Federal income tax expense decreased $189,000 (39.8%) between comparable three-month periods and $327,000 (30.6%) between comparable nine-month periods. The Corporation's effective tax rate for the nine months ended September 30, 2012 was 17.1 percent, compared to 21.8 percent for the same period in 2011. The decrease in the effective tax rate is a result of an increase in tax exempt interest income from investment securities, as well as a decrease in income before federal income taxes.
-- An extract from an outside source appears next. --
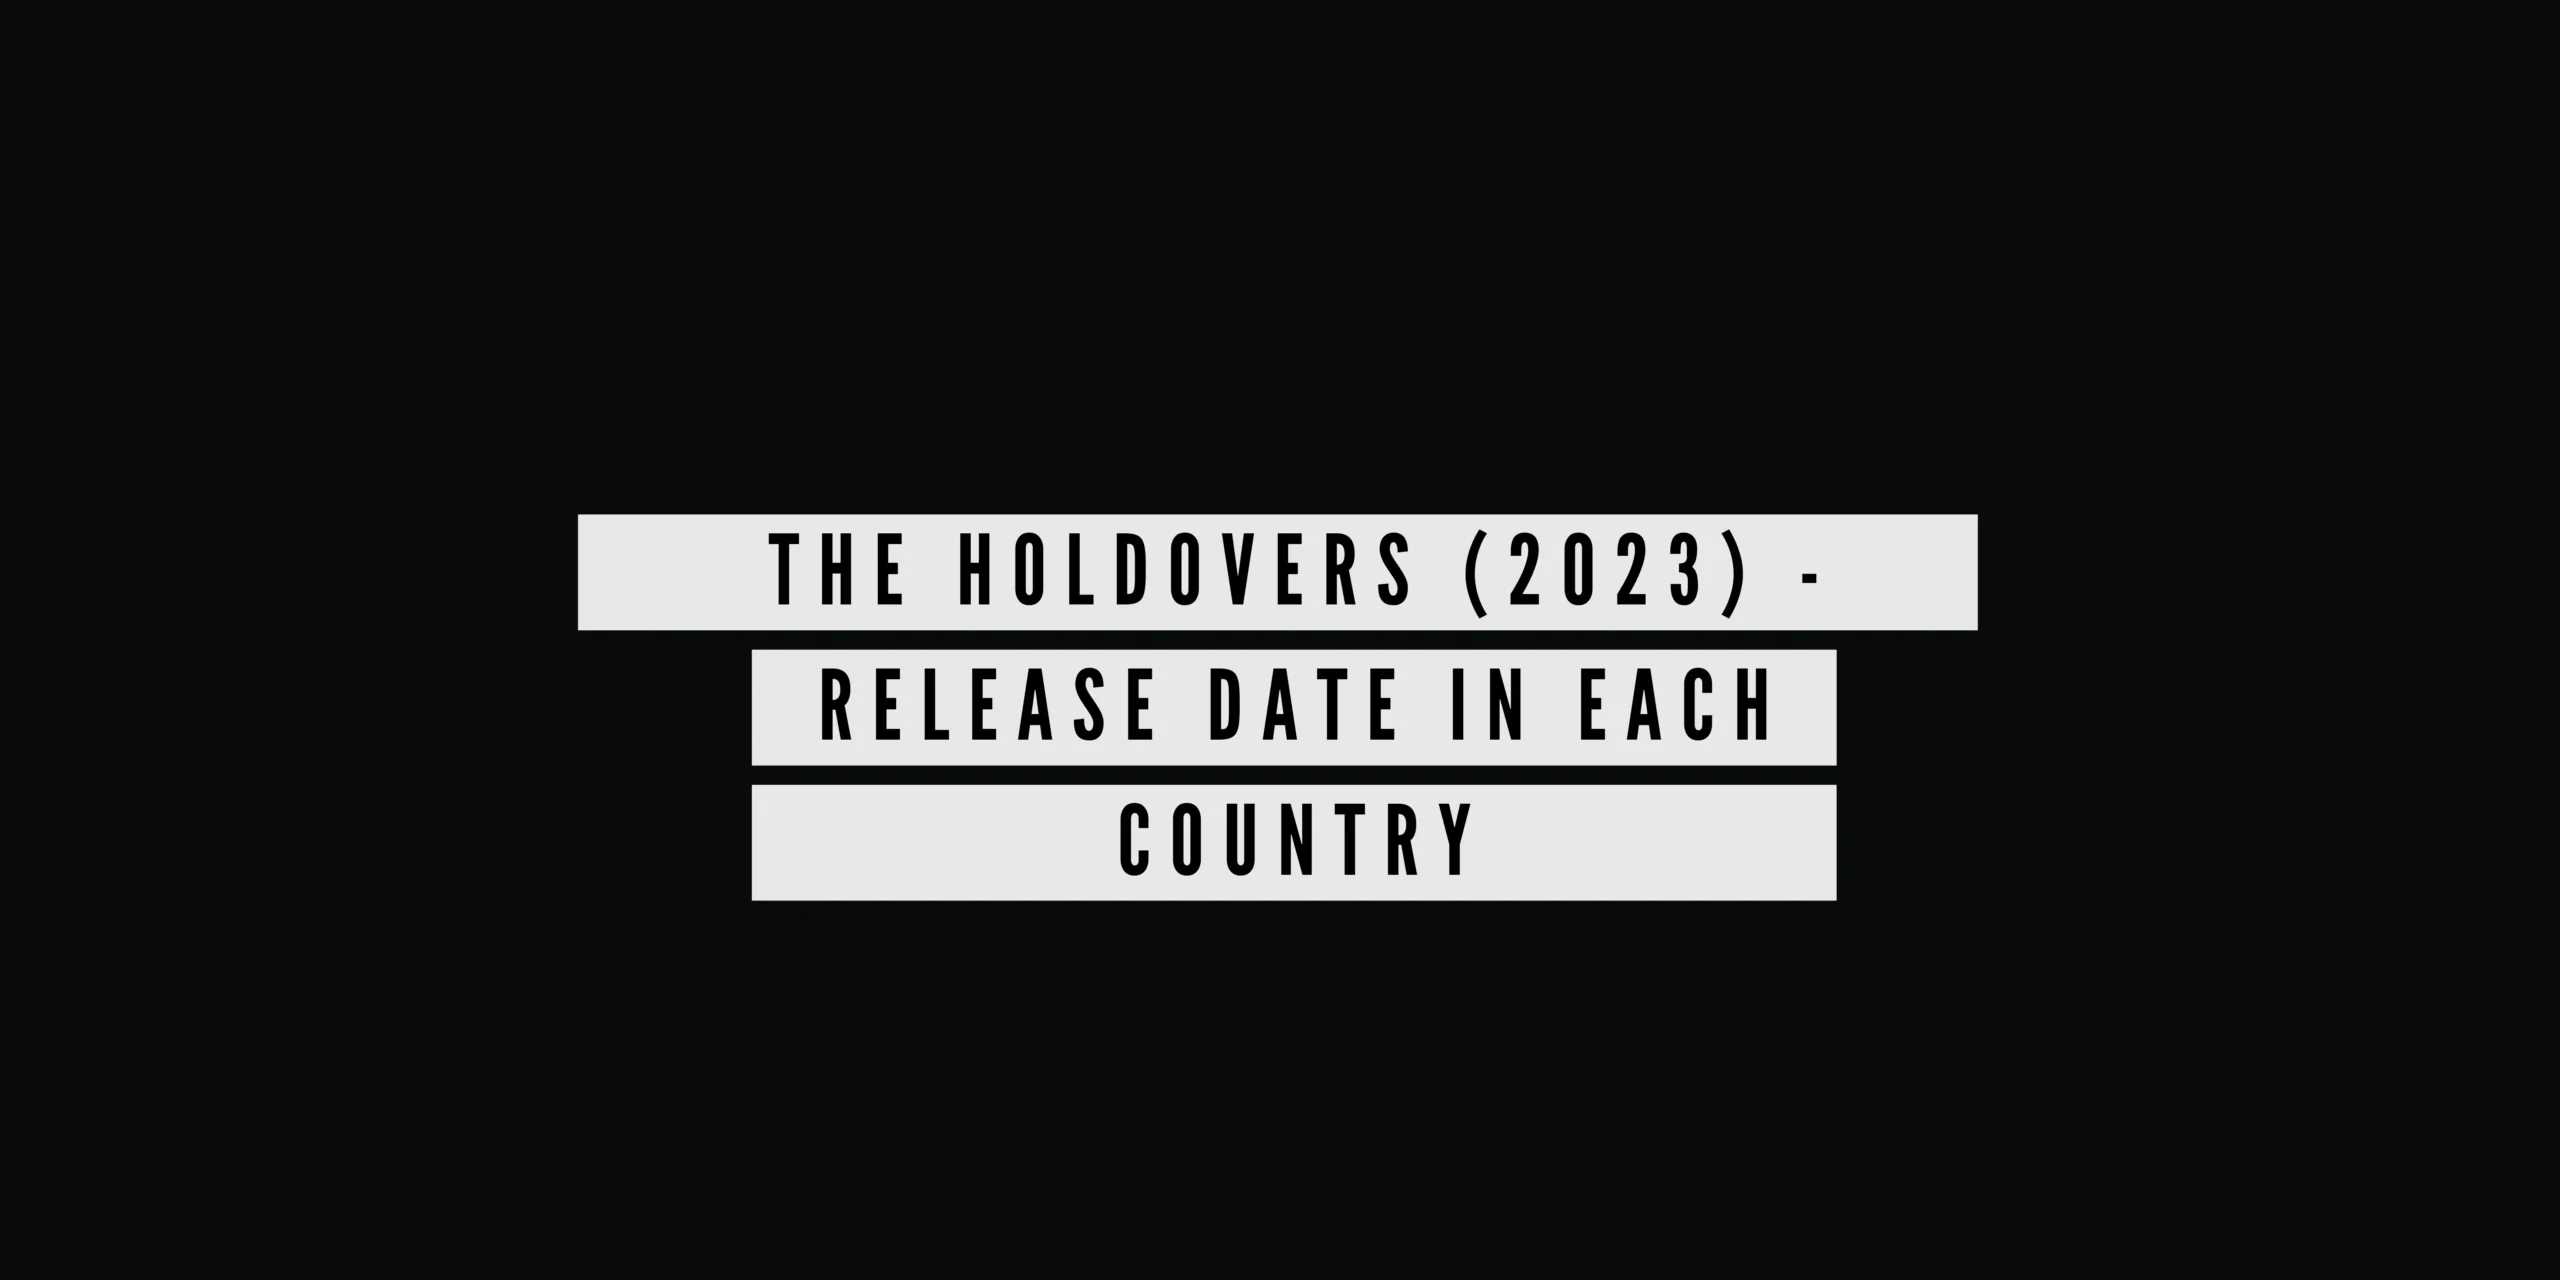 The Holdovers (2023) - Release Date In Each Country

LIQUIDITY AND CAPITAL RESOURCES

Short-term borrowings of federal funds purchased and repurchase agreements averaged $23,724,000 for the nine-month period ended September 30, 2012. This compares to $22,514,000 for the nine-month period ended September 30, 2011, and $23,433,000 for the twelve-month period ended December 31, 2011.

Borrowings from the Federal Home Loan Bank and Great Lakes Bankers Bank totaled $17,973,000 at September 30, 2012, compared to $18,500,000 at December 31, 2011, and $12,500,000 at September 30, 2011.

Capital expenditures for premises and equipment totaled $177,000 for the nine-month period ended September 30, 2012, compared to $386,000 for the same period in 2011. The 2012 expenditures included improvements to the acquired HSL banking centers, ATM upgrades, and an air conditioning unit upgrade.

Loan commitments, including letters of credit, as of September 30, 2012, totaled $85,633,000 compared to $76,793,000 at December 31, 2011. Since many of these commitments are expected to expire without being drawn upon, these totals do not necessarily represent future cash requirements.